Atentam à sua honra pessoal e à farda que sempre vestiu. Sempre teve uma
conduta exemplar no Exército, sendo um homem de convicções. O Secretário de
Governo, general Santos Cruz, tornou-se recentemente objeto de ataques do mesmo
tipo, sendo um exemplo para os seus companheiros de farda, com carreira ímpar
de combatente, pessoa também da mais alta retidão moral. Não se pode senão
qualificar de torpeza ética o que está acontecendo com eles.
Talvez o
presidente da República não tenha atentado convenientemente para o fato de ser
constitucionalmente Comandante-em-Chefe das Forças Armadas.
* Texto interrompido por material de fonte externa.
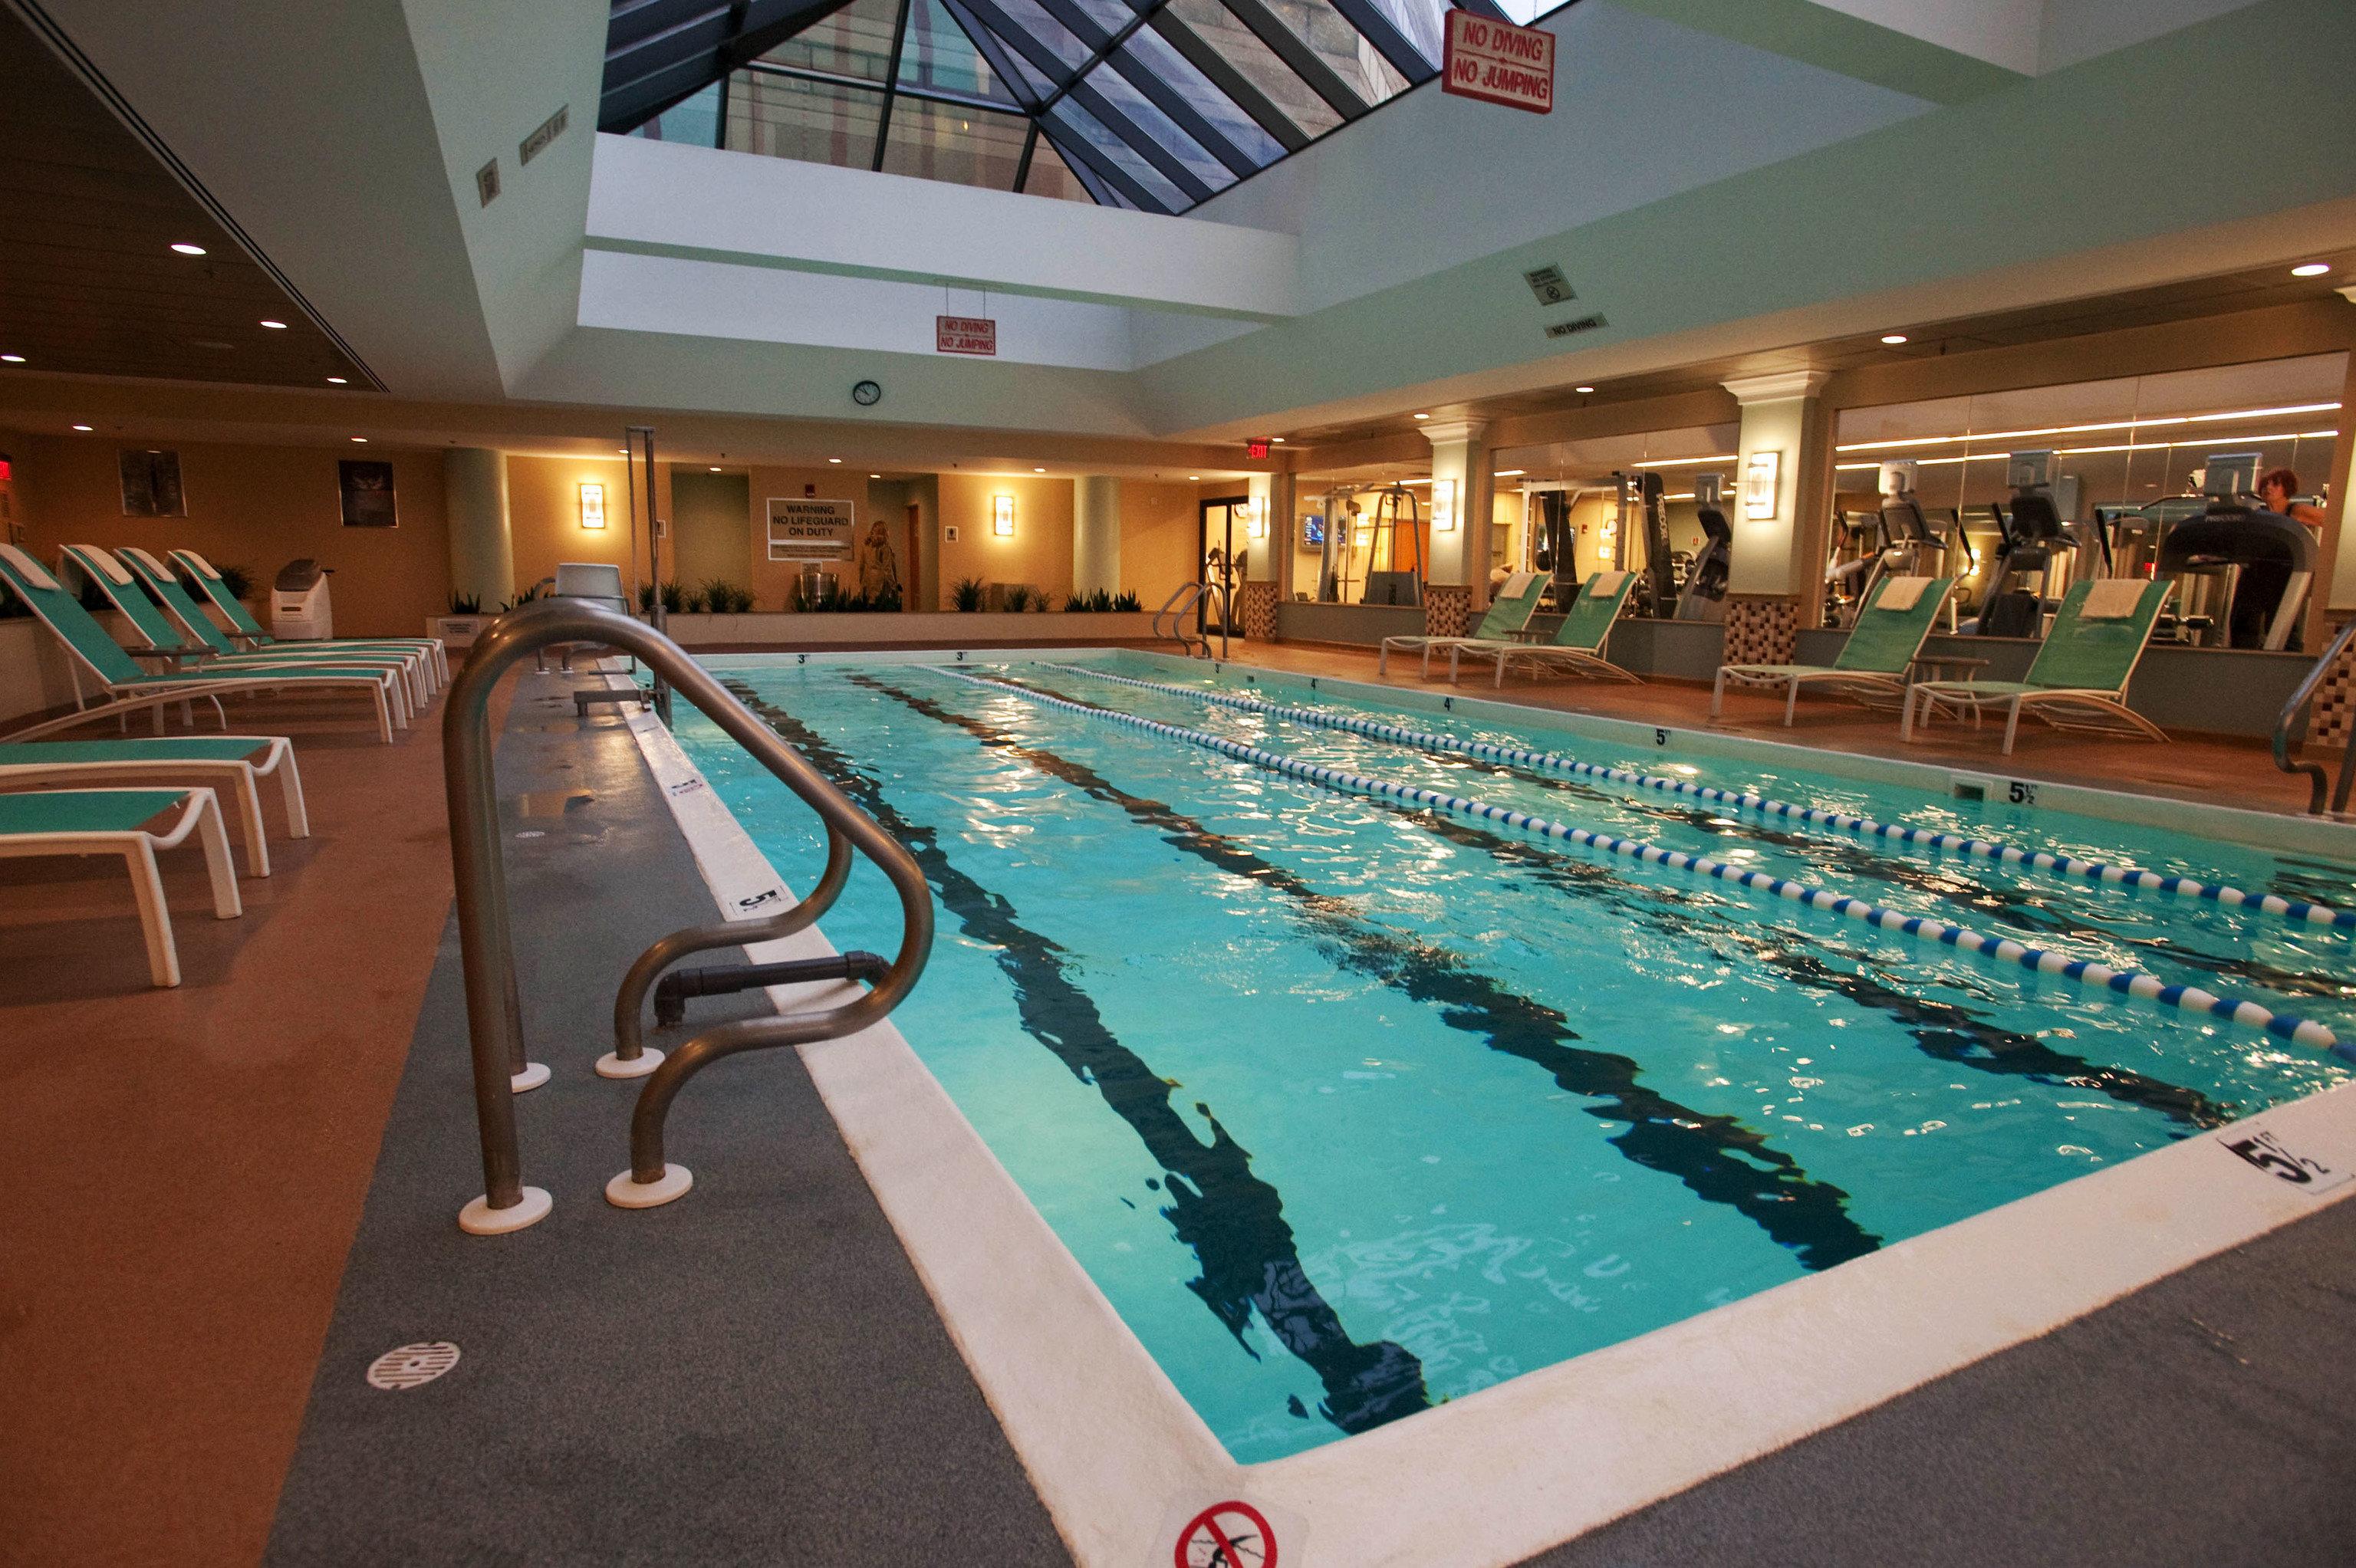 swimming pool leisure leisure centre billiard room Resort recreation room

Ele não é mais
deputado e, tampouco, capitão. Ele se situa acima dos generais e, enquanto tal,
deve defender a instituição militar enquanto tal e os membros que a compõem.
Não poderia, como fez, afagar e acariciar o detrator mor das Forças Armadas,
inclusive com a medalha da Ordem do Rio Branco, quando mais não seja pelo fato
de ser tal gesto contraditório com a função que exerce. Ou seja, o próprio
presidente é atacado quando a instituição militar é desta forma denegrida.
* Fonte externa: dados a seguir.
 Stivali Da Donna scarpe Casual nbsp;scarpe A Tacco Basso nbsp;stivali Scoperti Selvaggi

Para melhor compreendermos
o que está ocorrendo em termos de composição política e de ideias, não basta
caracterizarmos o atual governo como sendo formado por conservadores e
liberais, pois algo falta aqui. O grupo dito de conservadores é constituído por
um conservadorismo de tipo ideológico, alicerçado na concepção do político
enquanto distinção amigo/inimigo; por um conservadorismo digamos institucional,
composto por militares e uma ala evangélica que os apoia, e pelos liberais.
Os primeiros
procuram criar uma situação de instabilidade permanente, sempre atacando e
procurando um inimigo, com tal que haja um, por mais imaginário que
eventualmente seja. Nada têm a propor além destes ataques sistemáticos, como se
estivessem à frente de uma revolução, constituindo a sua vanguarda. Quando não
consideram o outro como espelho de si mesmos, o tomam por alguém perigoso. A
insegurança deles se traduz pela instabilidade de sua ação política.
Os segundos
têm como objetivo assegurar a prosperidade do país via a conservação de suas
instituições e dos seus valores. Caracterizam-se pela preservação da ordem
democrática, atentos a desvios que possam afetar o seu curso. O seu
conservadorismo, neste sentido, poderia ser qualificado como essencialmente
institucional, posicionando-se como liberais do ponto de vista da economia. A
pergunta que deveria ser colocada é a seguinte: o que procuram os que os
atacam? Qual seria o seu objetivo?
Os liberais
estão sobretudo voltados para as necessárias reformas econômicas, não tendo
entrado na refrega política. Sabem que tal grau de confronto só prejudica o
projeto reformista, sem o qual o país rumará para um futuro sombrio, com risco,
inclusive, institucional. Estão dando como pressuposto o liberalismo político
que caracteriza as instituições democráticas brasileiras, embora se possa
perguntar pela sua capacidade de resiliência se a reforma da Previdência não
for aprovada ou se o seu desfecho for pífio.
Que o Brasil
tenha mais pessoas com a visão do general Villas Boas!